Pictures are to be left out, and only the lines below starting at the one with "Erweist sich als" and ending at the one with "อ่านการ์ตูน Senso wa" are to be reproduced, each exactly, both ends included.

● DATA FOR THIS EXERCISE:
----------------------------------------

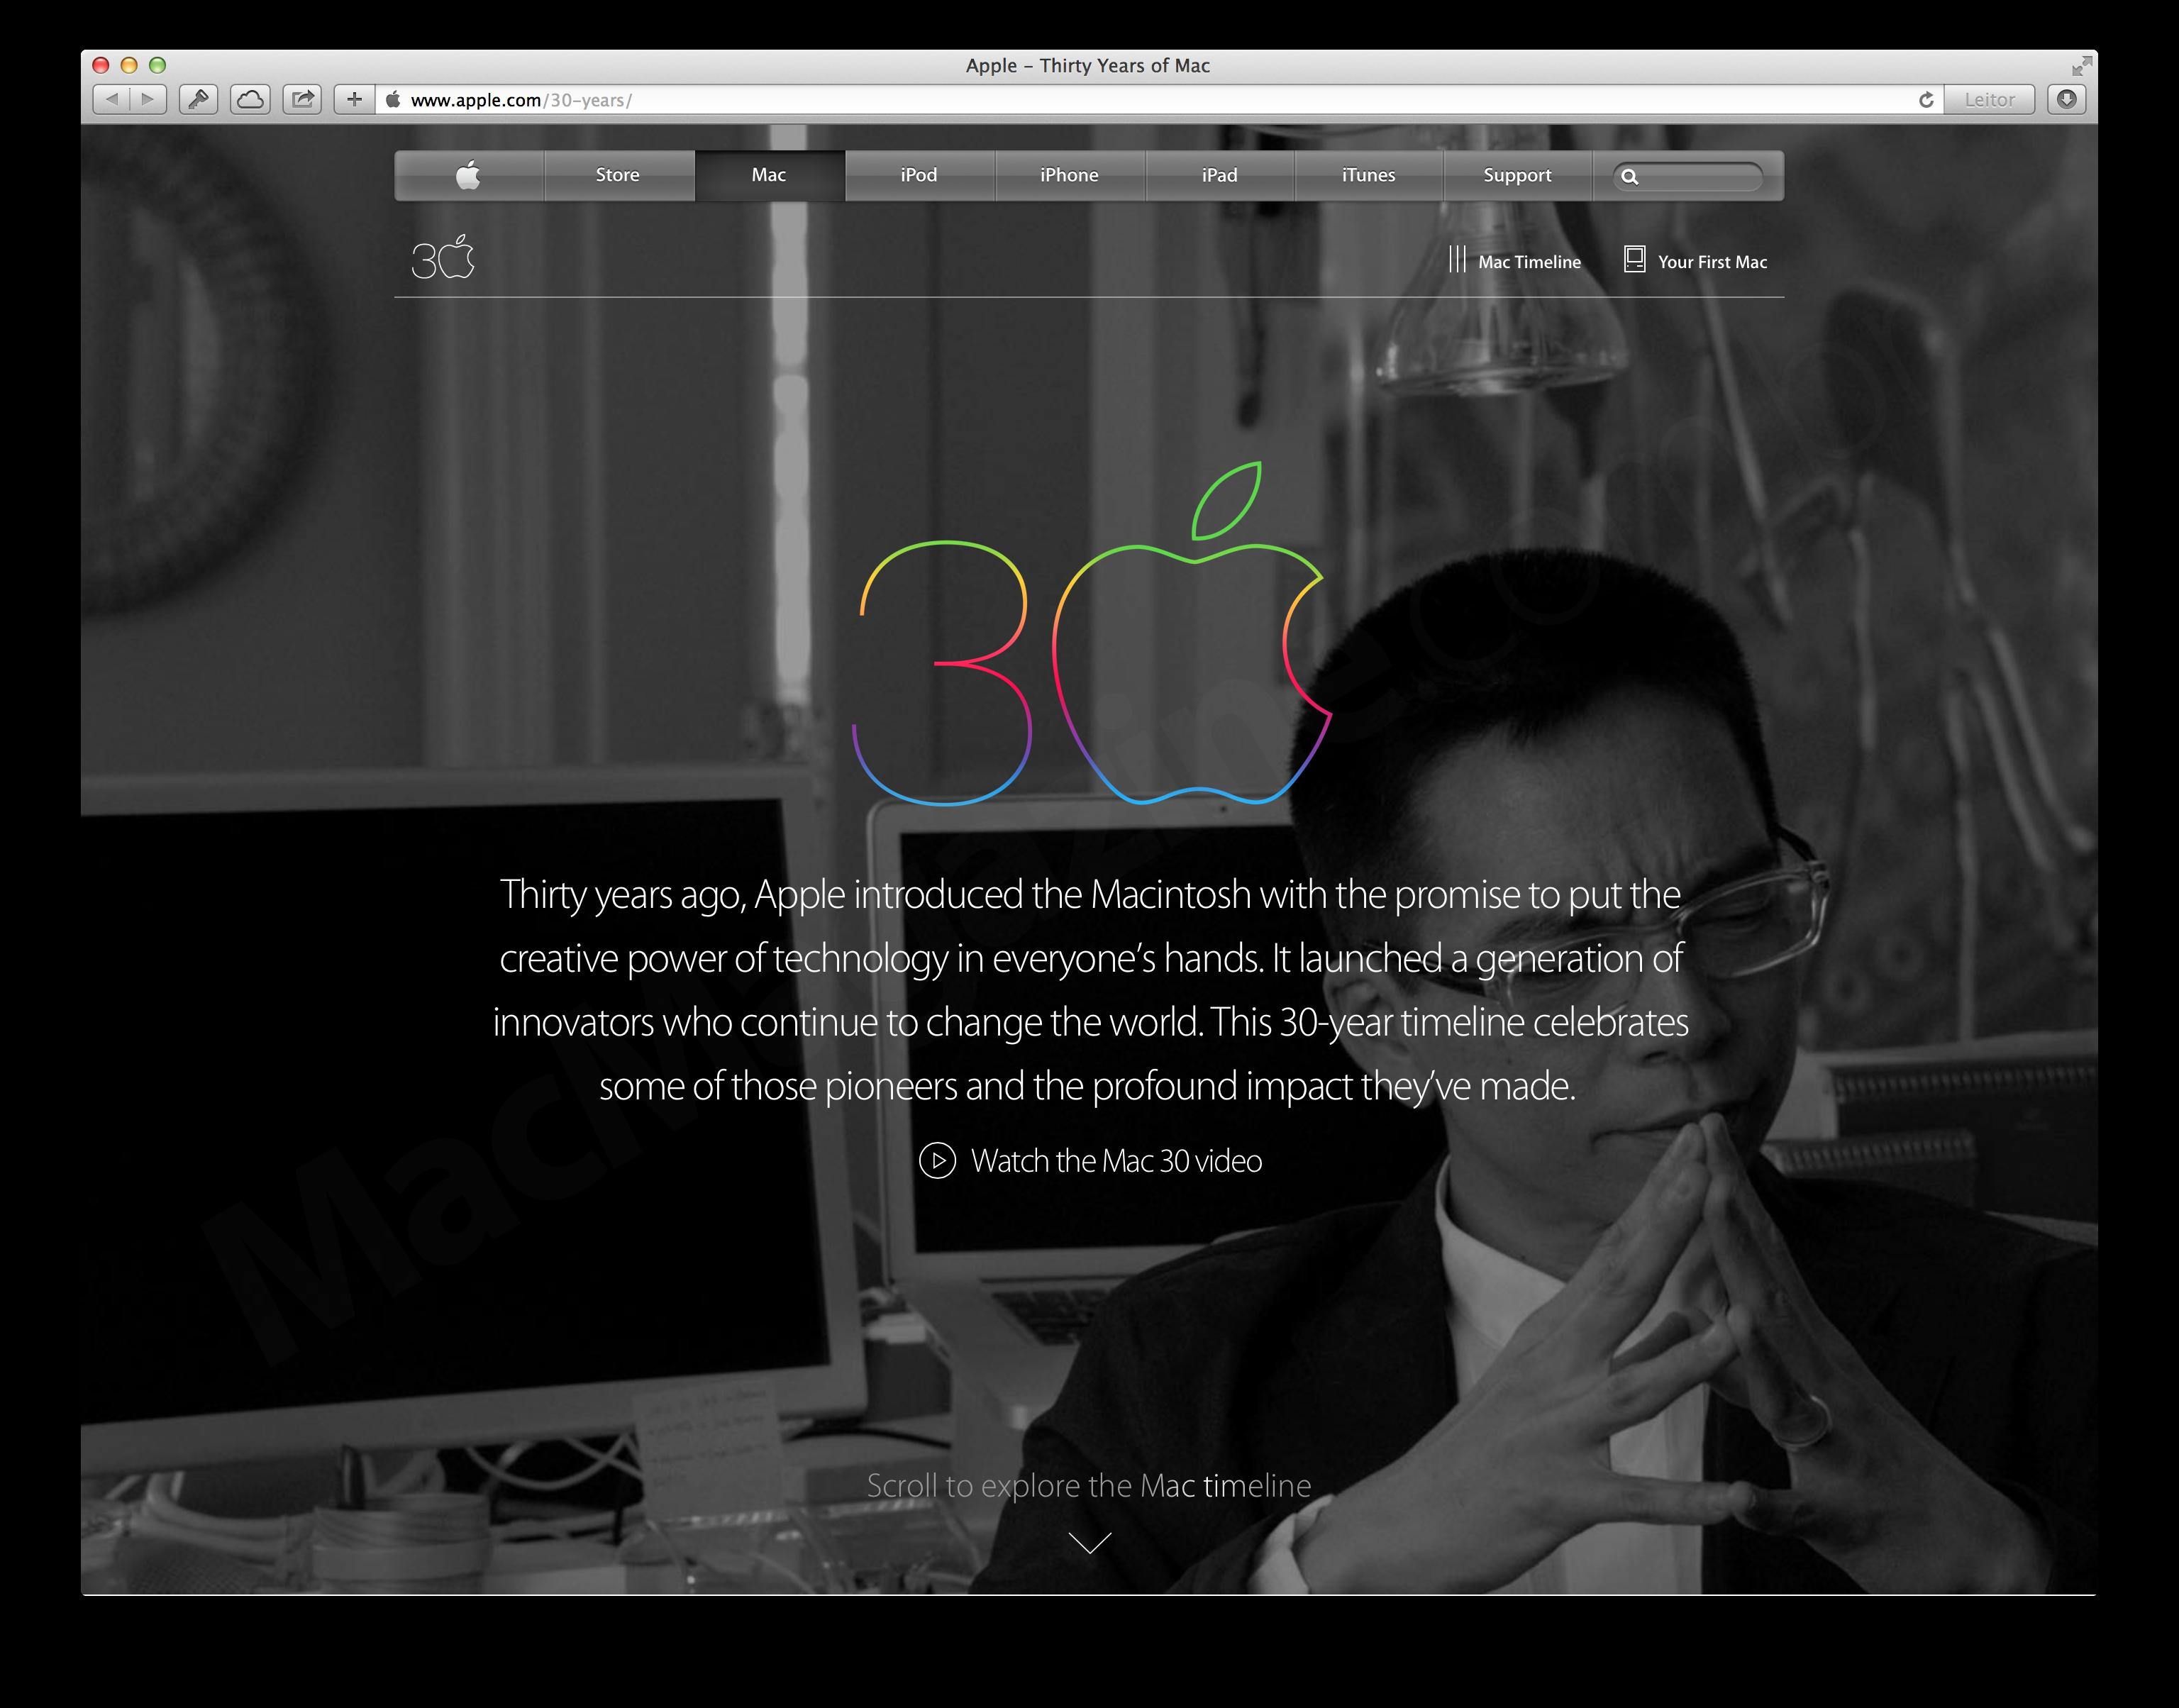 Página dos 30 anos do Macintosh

----------------------------------------

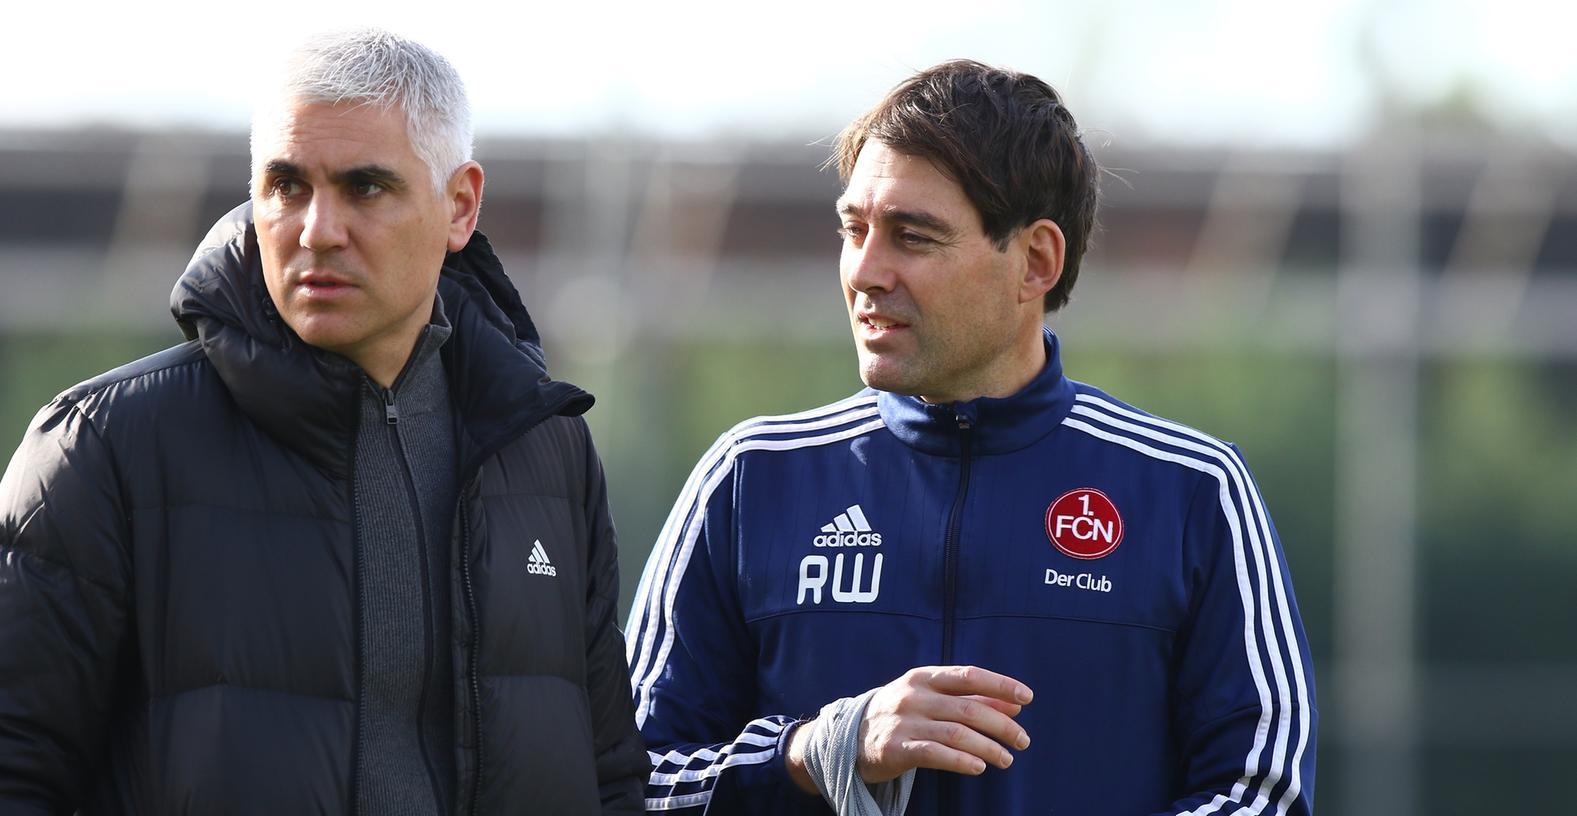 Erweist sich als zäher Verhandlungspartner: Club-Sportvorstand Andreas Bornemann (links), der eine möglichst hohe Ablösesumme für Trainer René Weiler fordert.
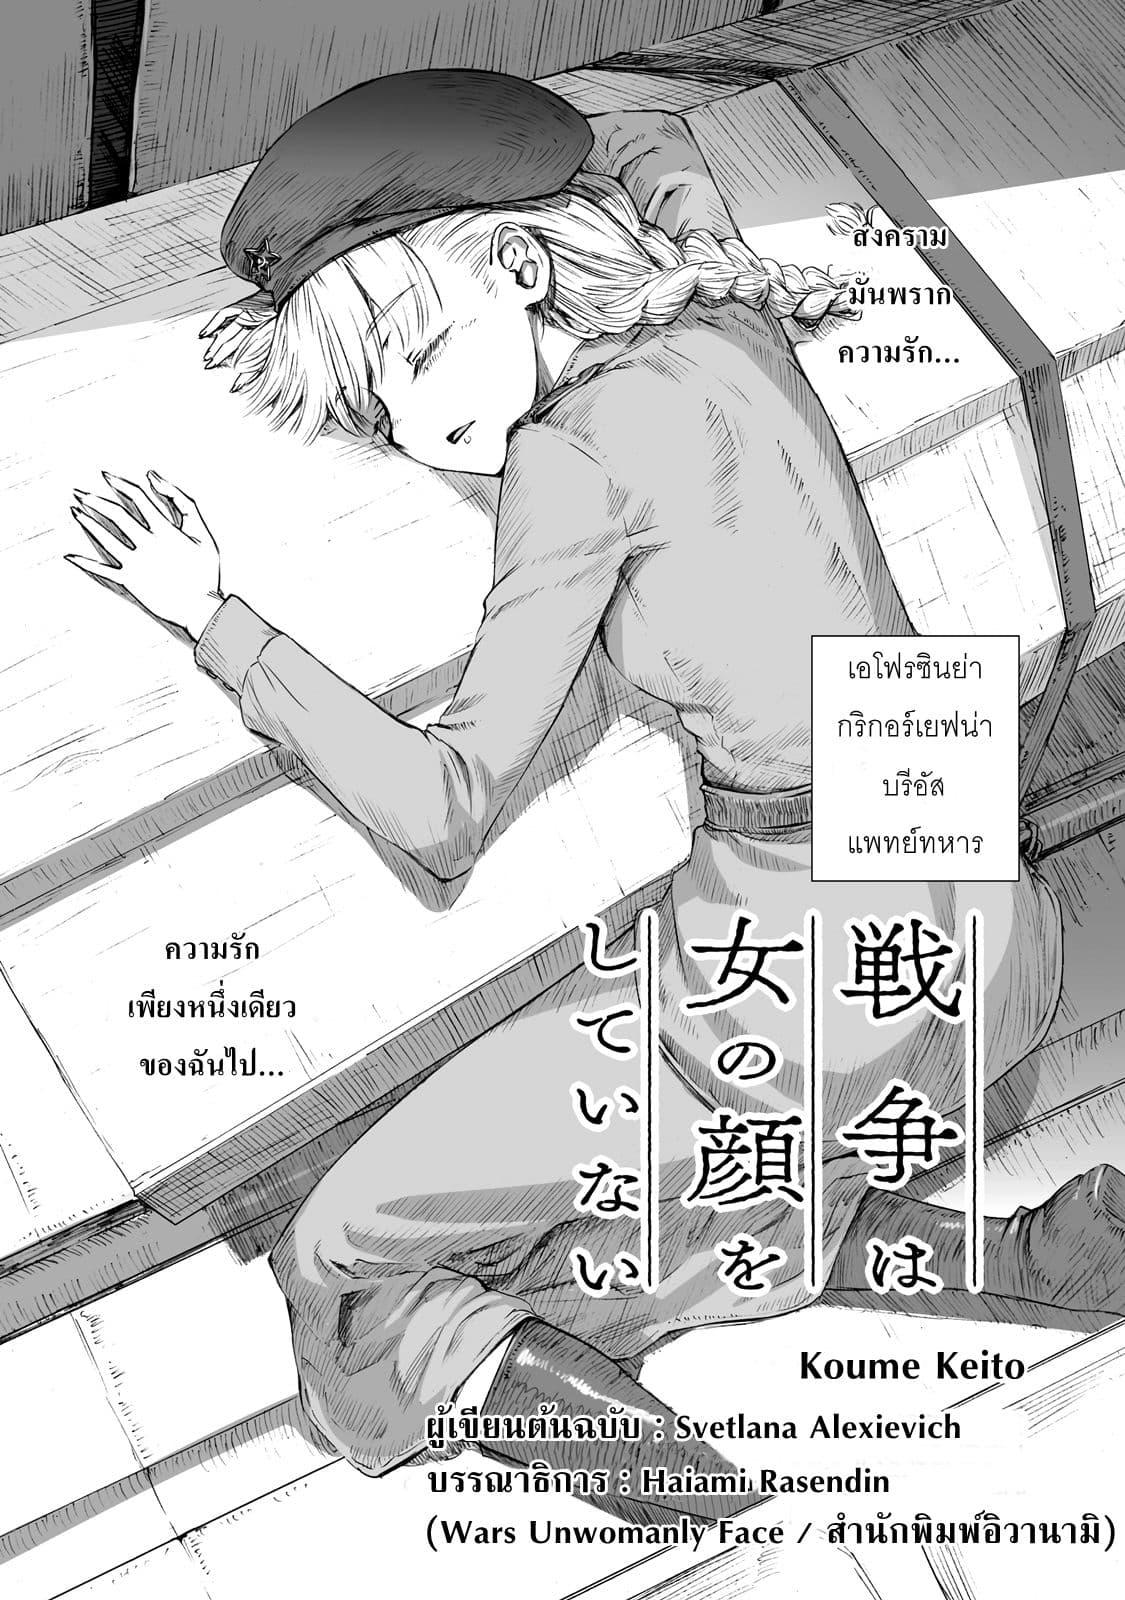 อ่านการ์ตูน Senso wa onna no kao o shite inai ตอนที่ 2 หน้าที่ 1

----------------------------------------

● TASK ANSWER:
 Erweist sich als zäher Verhandlungspartner: Club-Sportvorstand Andreas Bornemann (links), der eine möglichst hohe Ablösesumme für Trainer René Weiler fordert.
 อ่านการ์ตูน Senso wa onna no kao o shite inai ตอนที่ 2 หน้าที่ 1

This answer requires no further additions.